In one aspect, exemplary embodiments of the present invention relate to a method for handling hot-filled plastic bottles. Each plastic bottle can include a neck portion, a body portion, and a base portion. The body portion may have a first concave hoop ring, a second concave hoop ring, and an annular smooth sidewall portion free of vacuum panels arranged between the first and the second concave hoop rings. The base portion may form a standing surface for the plastic bottle and can have a bottom end thereof with a moveable element configured to be activated. The method can comprise hot-filling the plastic bottles, capping the hot-filled plastic bottles, creating a vacuum in each of the hot-filled and capped plastic bottles by cooling, conveying the plastic bottles having temporary deformations, and after the conveying, activating the moveable element of each conveyed plastic bottle. Creating a vacuum in the plastic bottle can cause temporary deformation of the corresponding plastic bottle. The temporary deformation for each plastic bottle can be substantially confined to the annular smooth sidewall portion, with substantially no deformation of the first concave hoop ring and the second concave hoop ring. The conveying can be such that each plastic bottle is in contact with a plurality of other plastic bottles, wherein the first and the second concave hoop rings for each plastic bottle can provide for substantially stable touch points for conveyance of the plastic bottles while the plastic bottles are conveyed with the temporary deformations in the annular smooth sidewall portion. The activating can include moving the moveable element from a first position to a second position, the second position being more toward the interior of the plastic bottle than the first position. The activating can remove at least a portion of the vacuum in the plastic bottle.
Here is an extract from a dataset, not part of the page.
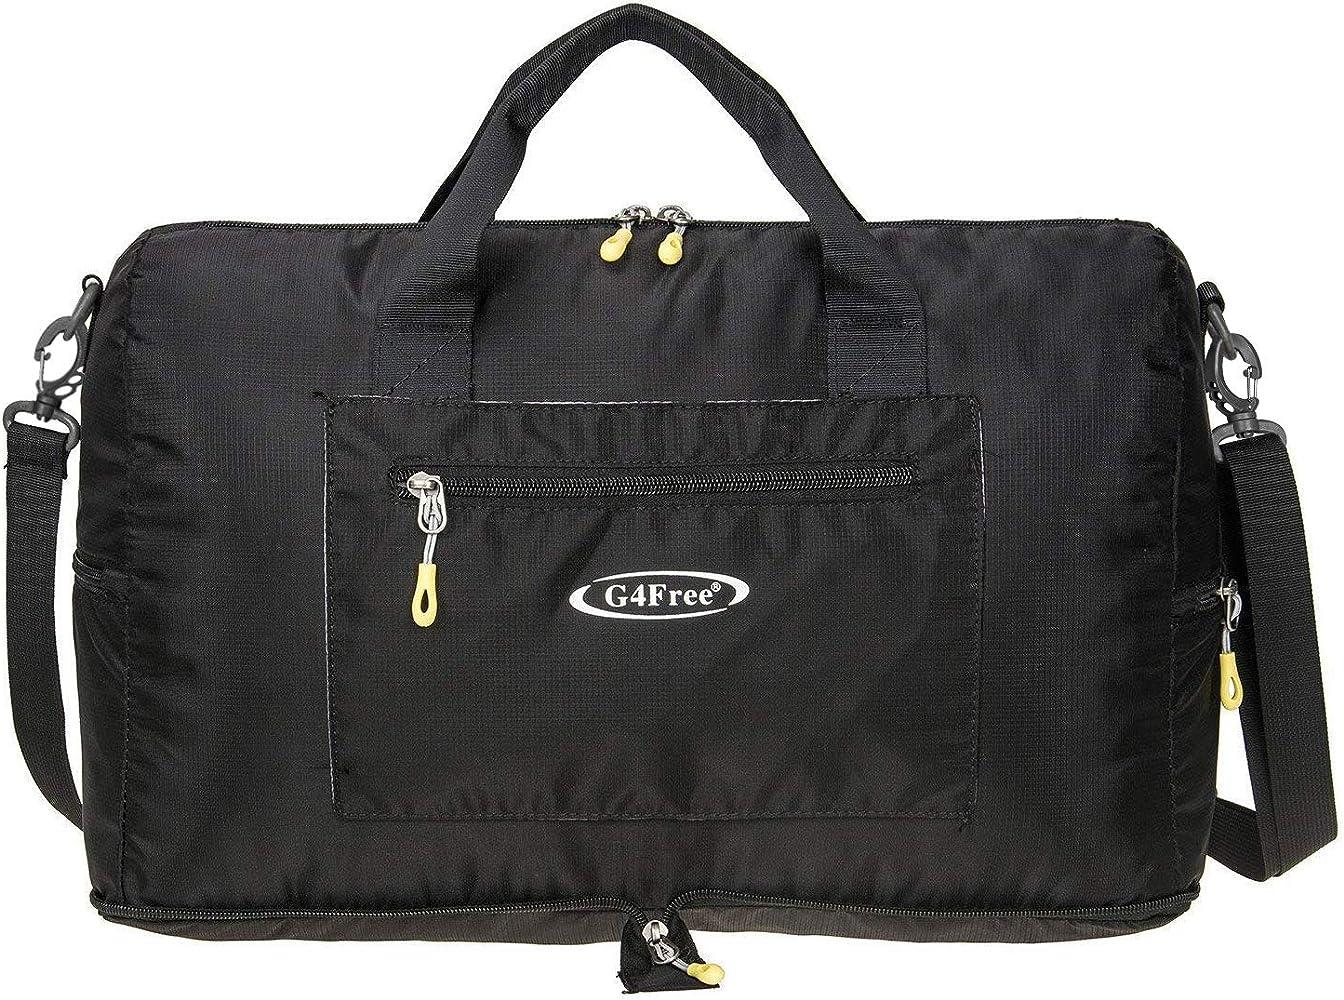 Travel Luggage Duffle Bag Lightweight Portable Handbag Football Large Capacity Waterproof Foldable Storage Tote

In another aspect, exemplary embodiments of the present invention relate to a system for handling filled containers. Each container can include a body and a base defining an inner volume. The body can have a first annular portion, a second annular portion, and a sidewall portion. The base can form a standing surface for the container and may have a bottom end thereof with a moveable element configured to be movable from a first, outwardly inclined position to a second, inwardly inclined position. The system can comprise filling means for filling a container with a product at an elevated temperature, capping means for capping and sealing the filled container with a cap, cooling means for cooling the filled and capped container, handling means for handling the cooled container, and inverting means for inverting the moveable element. The cooling of the container can create a vacuum in the container, the vacuum causing temporary distortion of the container. The temporary distortion can occur substantially at the sidewall portion, with the first annular portion and the second annular portion substantially resisting distortion. The handling can be performed such that one or more substantially stable touch points of the container are in contact with corresponding one or more substantially stable touch points of at least one other container. The one or more substantially stable touch points can be facilitated by an associated one of the first annular portion and the second annular portion. The moveable element can be inverted from a first, outwardly inclined position to the second, inwardly inclined position to remove a portion of the vacuum.
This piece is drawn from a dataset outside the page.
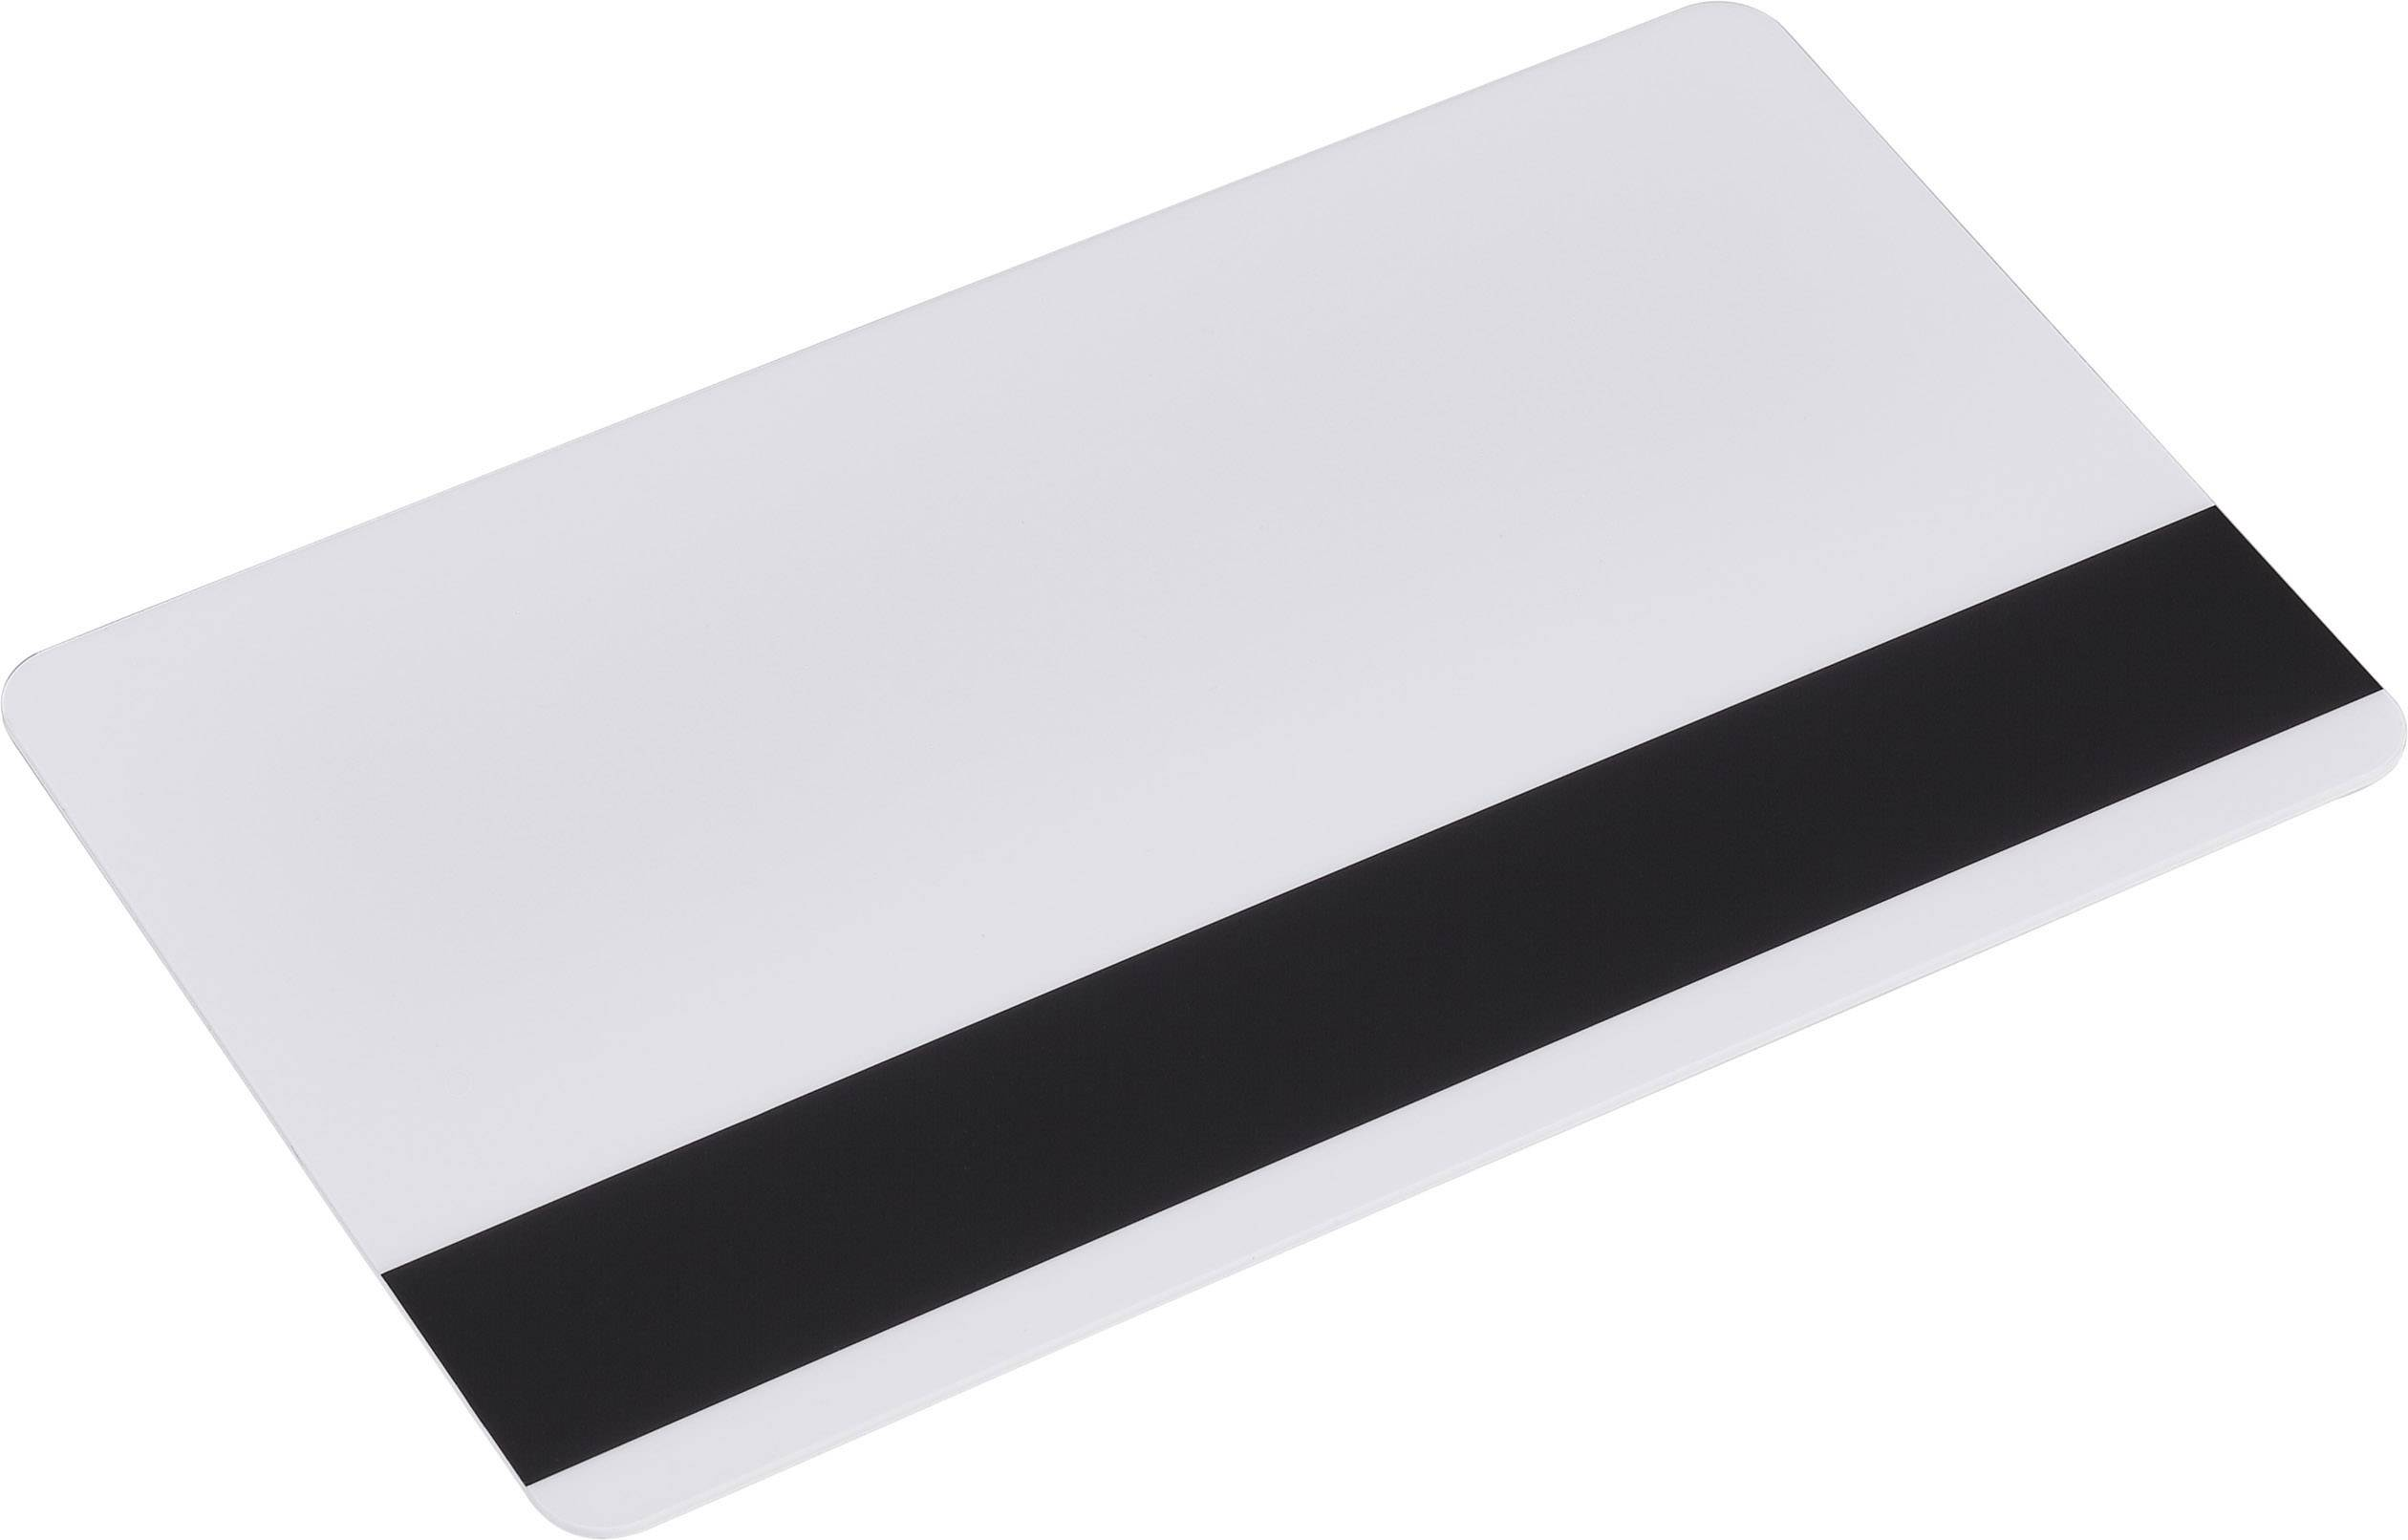 Technika chipových a magnetických kariet

In yet another aspect, exemplary embodiments of the present invention relate to a method for conveying a plurality of filled plastic containers. Each plastic container may include a body portion and a base portion, the base portion forming a support surface for supporting the container on a substantially flat surface and the base portion having a moveable element arranged at a bottom end thereof. The moveable element can be moveable substantially permanently to remove a vacuum in the container. The method can comprise cooling a plurality of hot-filled and capped plastic containers, conveying the plastic containers, and activating, after the conveying, the vacuum panel of each plastic container. The cooling can create a vacuum in each of the hot-filled and capped plastic containers. Each vacuum can cause temporary deformation of the corresponding plastic container, the temporary deformation being directed to a predetermined specified portion of the container. The conveying can include temporarily compensating for vacuums created in the cooled containers and maintaining stable touch points. The activating can include moving the moveable element from a first position to a second position substantially permanently to remove a portion of the vacuum.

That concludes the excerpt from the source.